Help them understand your job
Personalize your position. Share details about your job so your kids understand what you do all day. If you're a postal worker, talk about how you sort and deliver letters. If you manage a restaurant, tell them about the breakfast rush and the daily specials. If you can, take them to your workplace to meet your coworkers. Christine Petersen, chief marketing officer for Trip Advisor, brings her 5-year-old daughter, Charlotte, to her office regularly. "She comes every Friday at 4:30 after her ballet class, when I'm finishing things up," says Petersen. "She gets to see my desk, look at where I've placed pictures of her and her artwork, and visit my colleagues. I think it makes her feel like she's part of my work community."
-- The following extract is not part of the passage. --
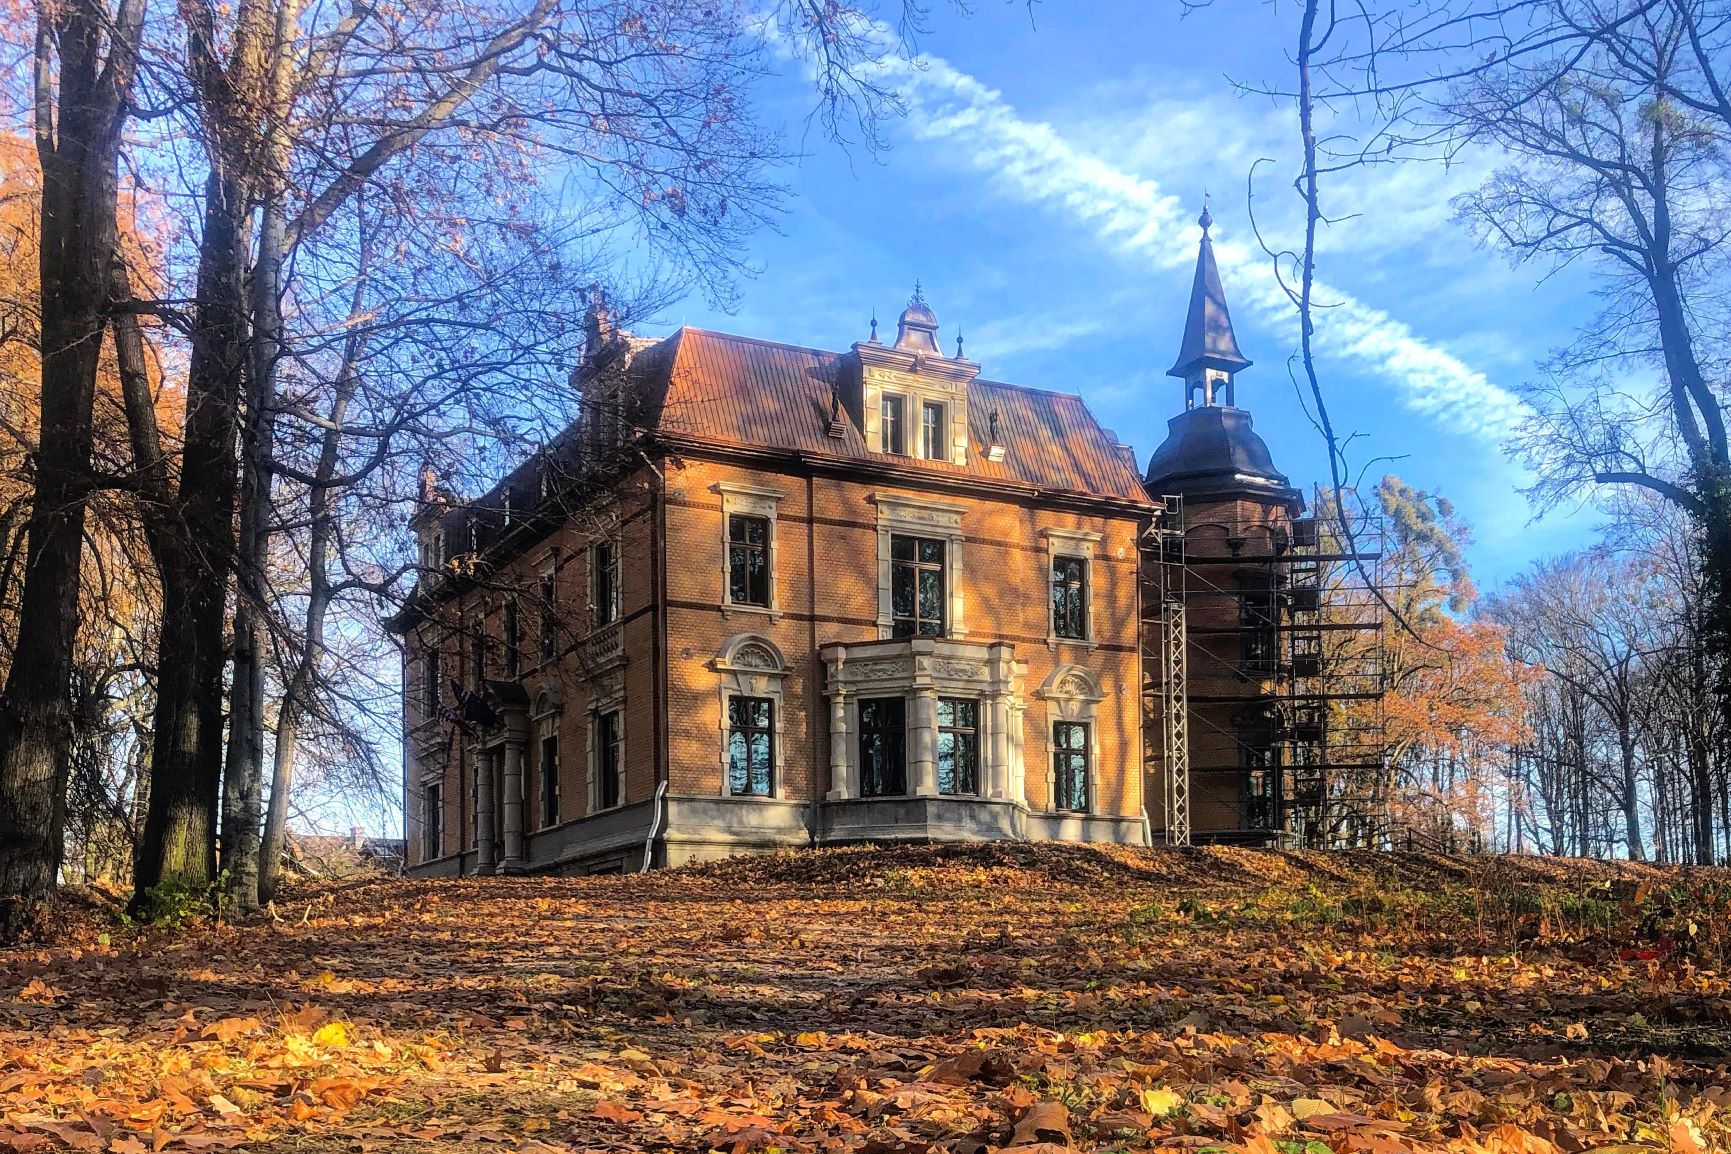 Pałac w Rzuchowie podczas jesieni. Wokół budynku leżą liście ze stojących obok drzew. Niebo z chmurami

Handle the tough stuff. Many working moms I know share a similar nightmare with a single, recurring phrase. Here's mine: "Zoe's mom plays with us in the afternoon at the park. Why can't you?" What do you say when your child makes the dreaded, unfair, but understandable comparison between you and her friend's at-home mom? "Use the opportunity to turn the question back to your child and get at the root of what's bothering her," says Hayward. When Avery asked me why Zoe's mother is around more than I am, I asked her, "What do you think about Zoe's mom staying home?" She told me, "I'd like you to be home all day too," and it became apparent that her complaint was less about having a parent like Zoe's and more about wanting to log more hours with me. So she and I brainstormed and figured out that we could spend some extra time together at a special early-evening picnic later in the week.